Work order: What's wanted here is the full listing below, repeated exactly, with no images in it.

Data section:
--------------------------------------------------

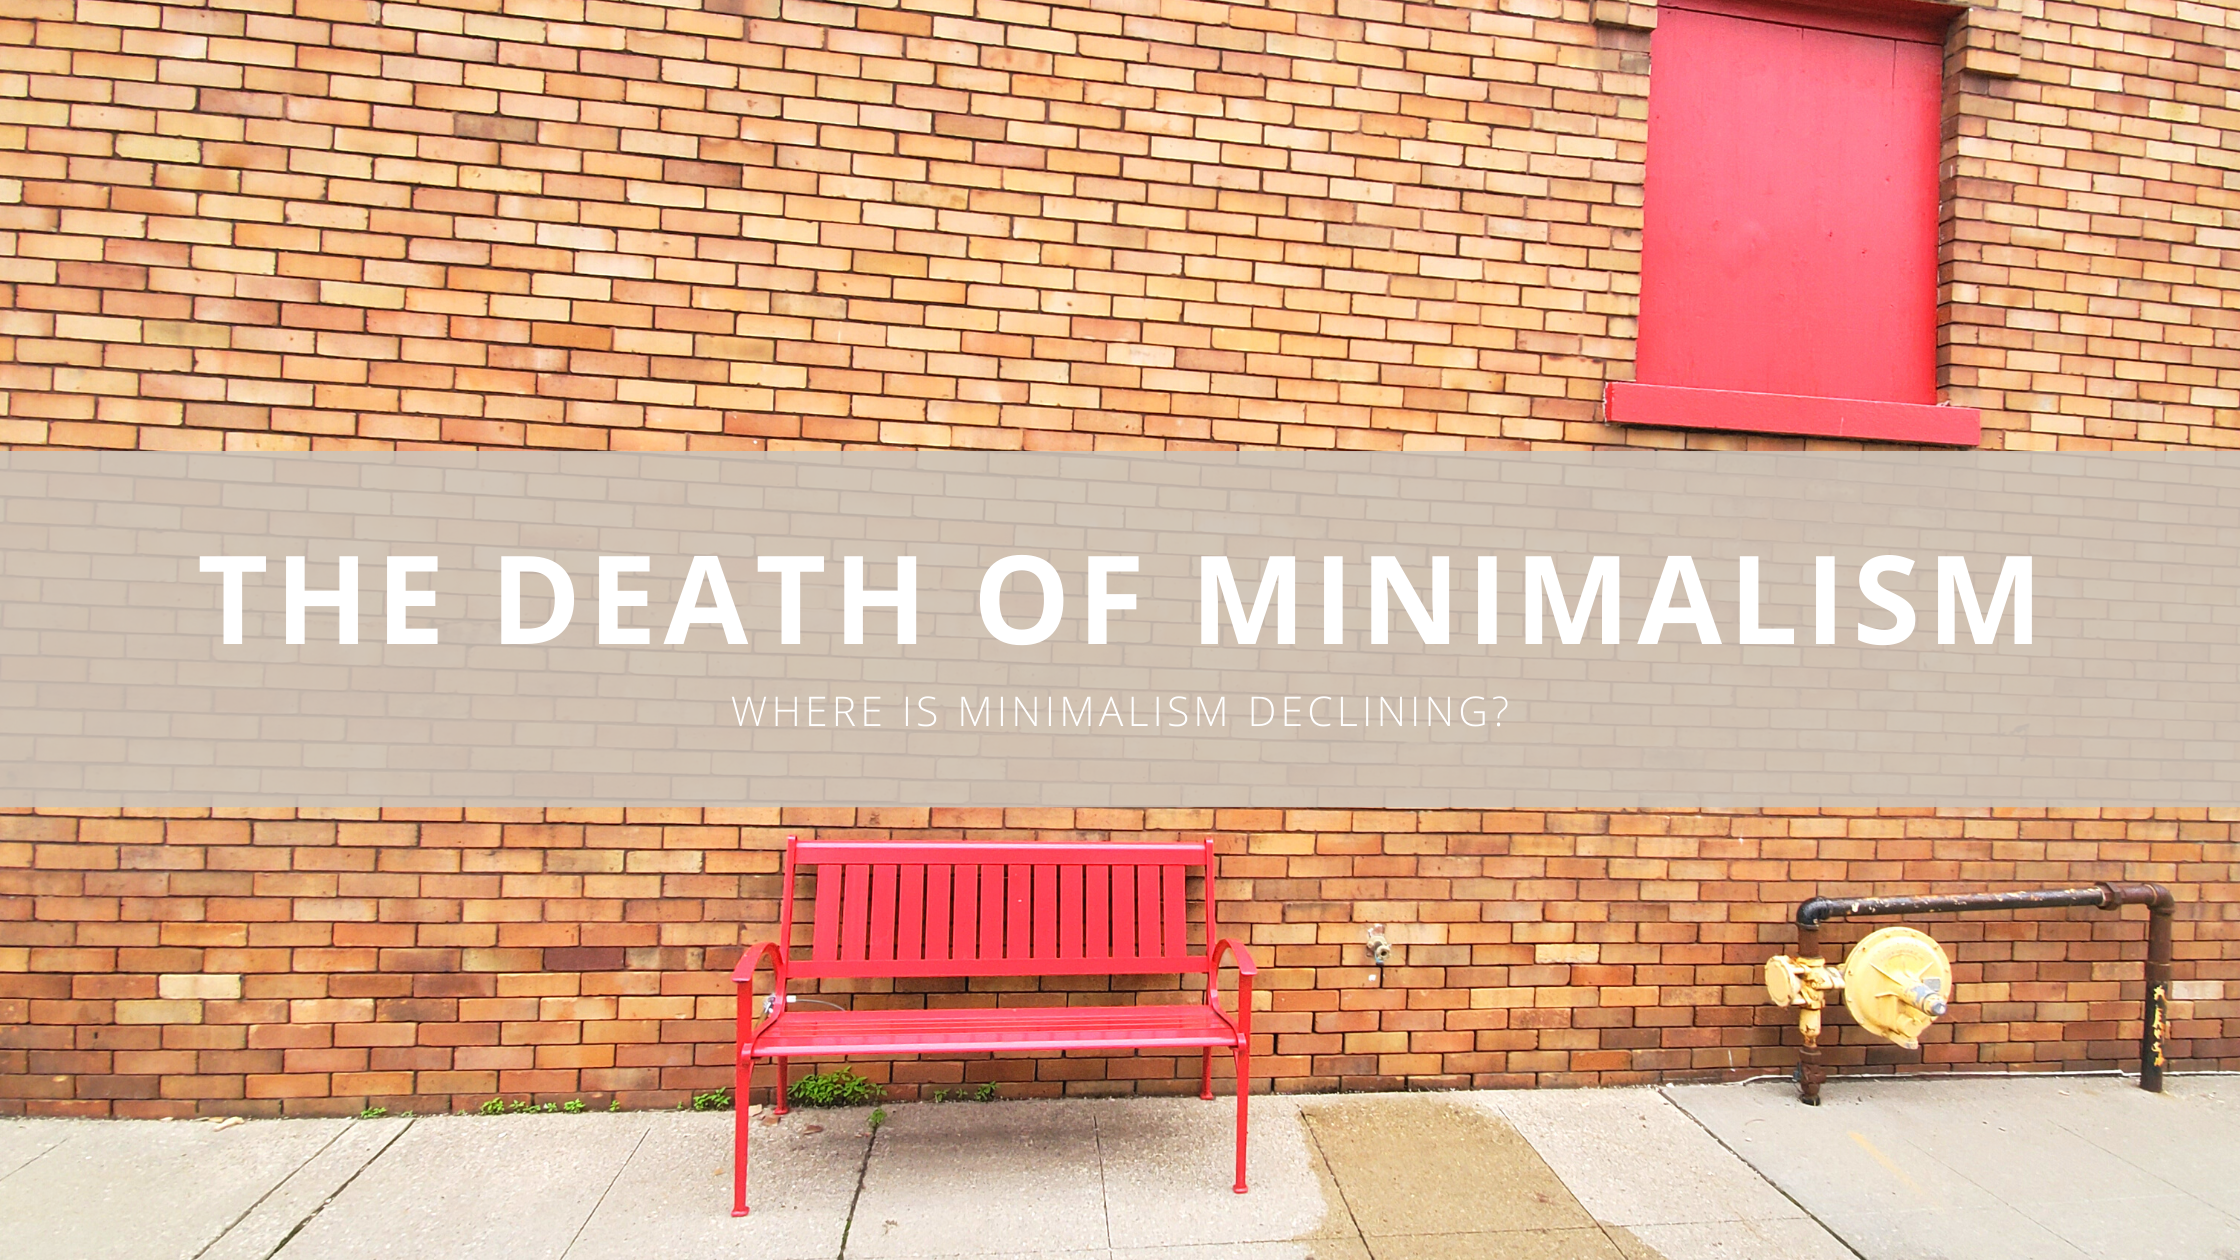 The Death of Minimalism
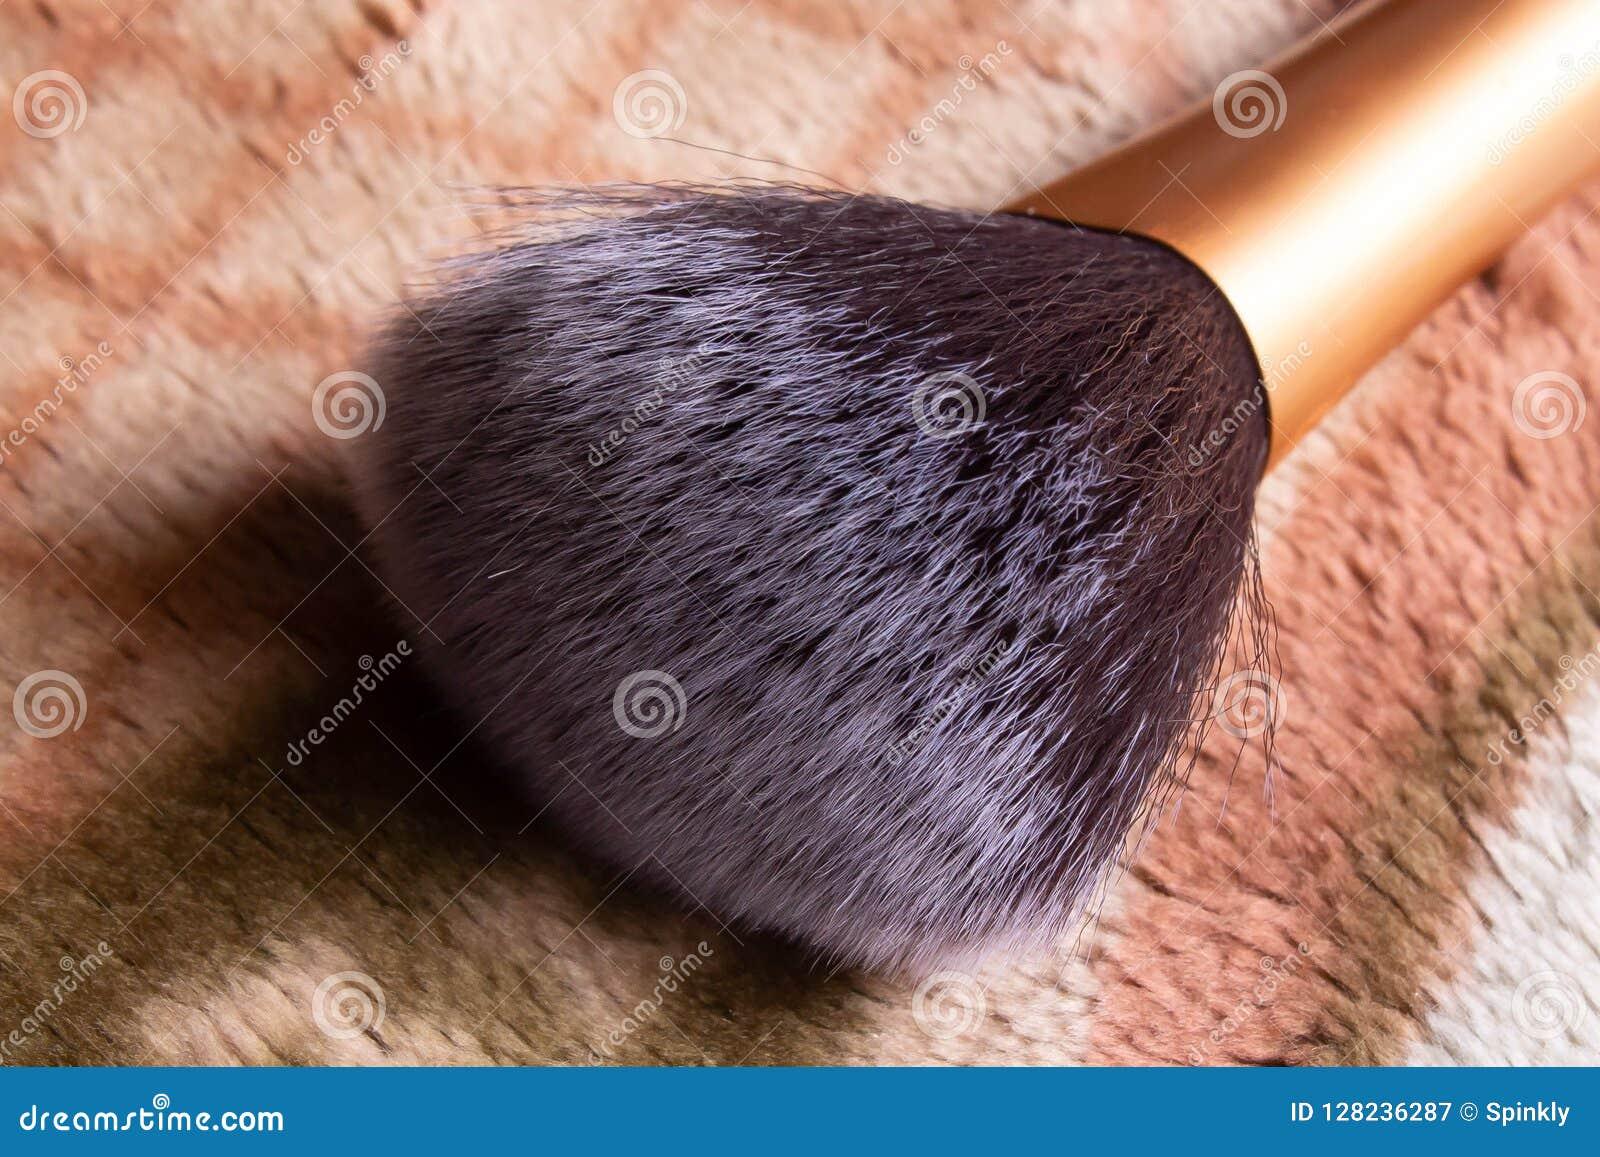 Close up image of makeup brush bristle
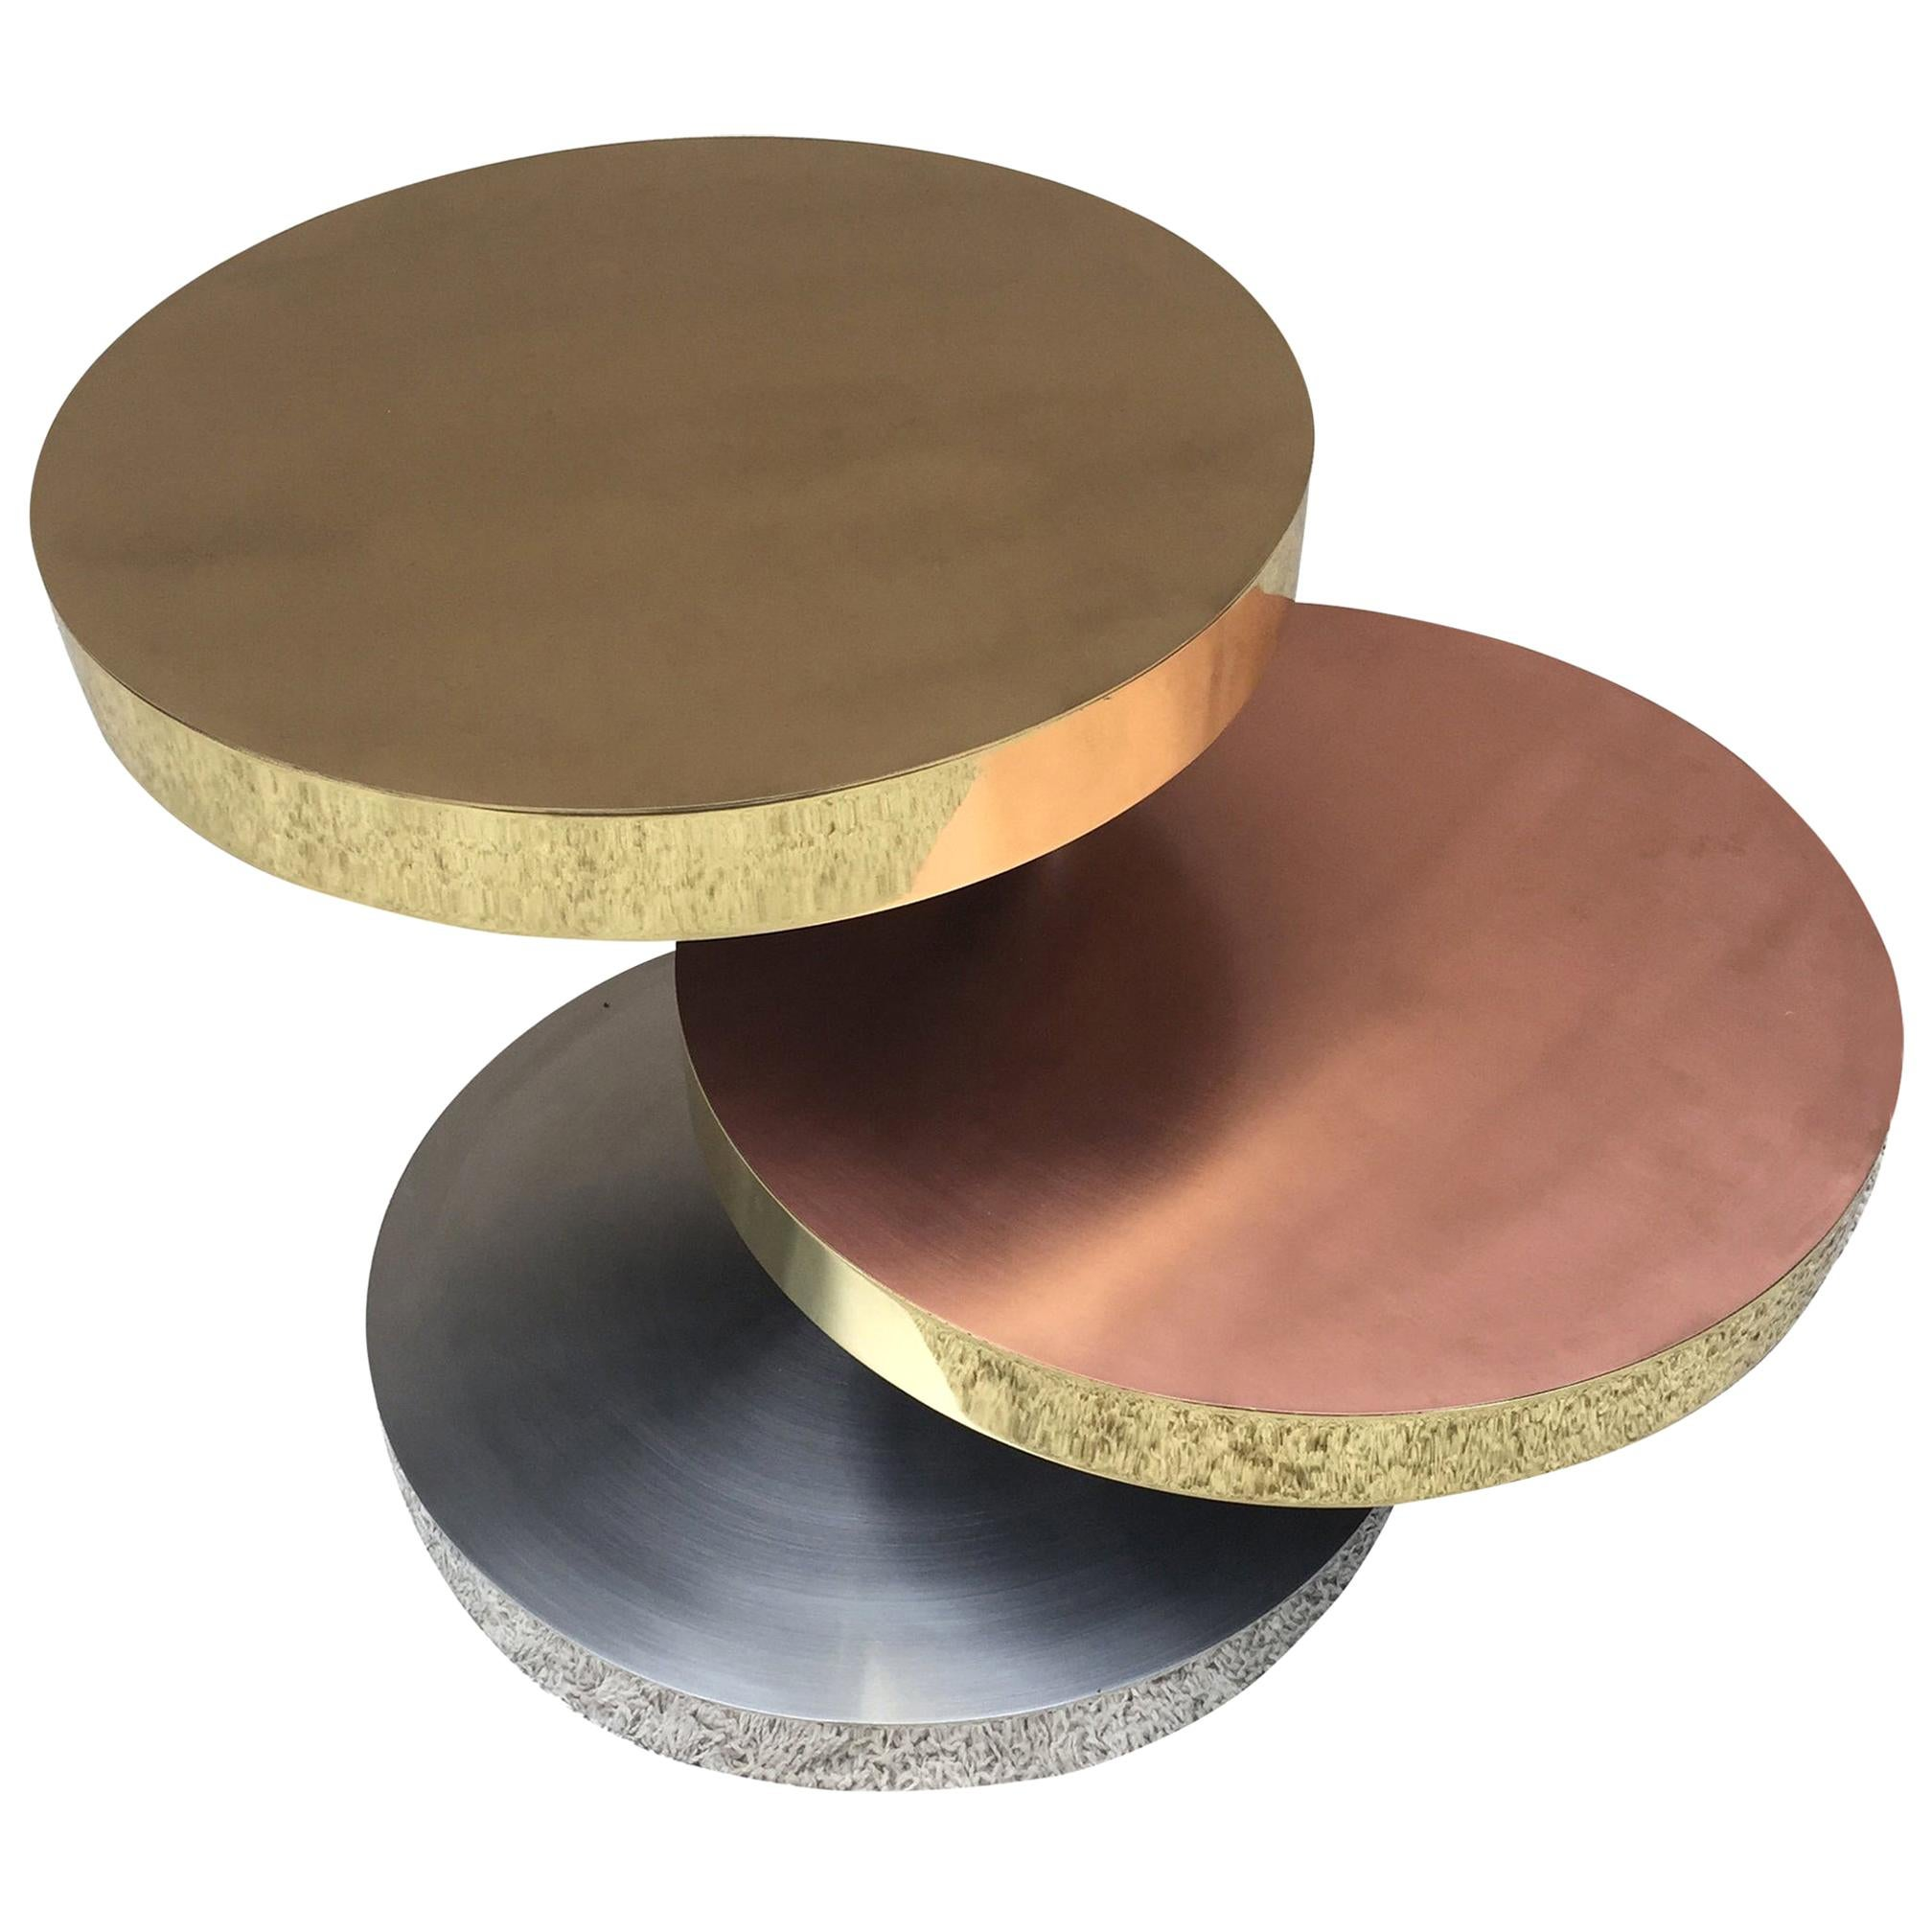 Maria Pergay Style Vintage Unsigned Adjustable Design Three-Tiered Swivel Table

--------------------------------------------------

Expected output:
 The Death of Minimalism
 Close up image of makeup brush bristle
 Maria Pergay Style Vintage Unsigned Adjustable Design Three-Tiered Swivel Table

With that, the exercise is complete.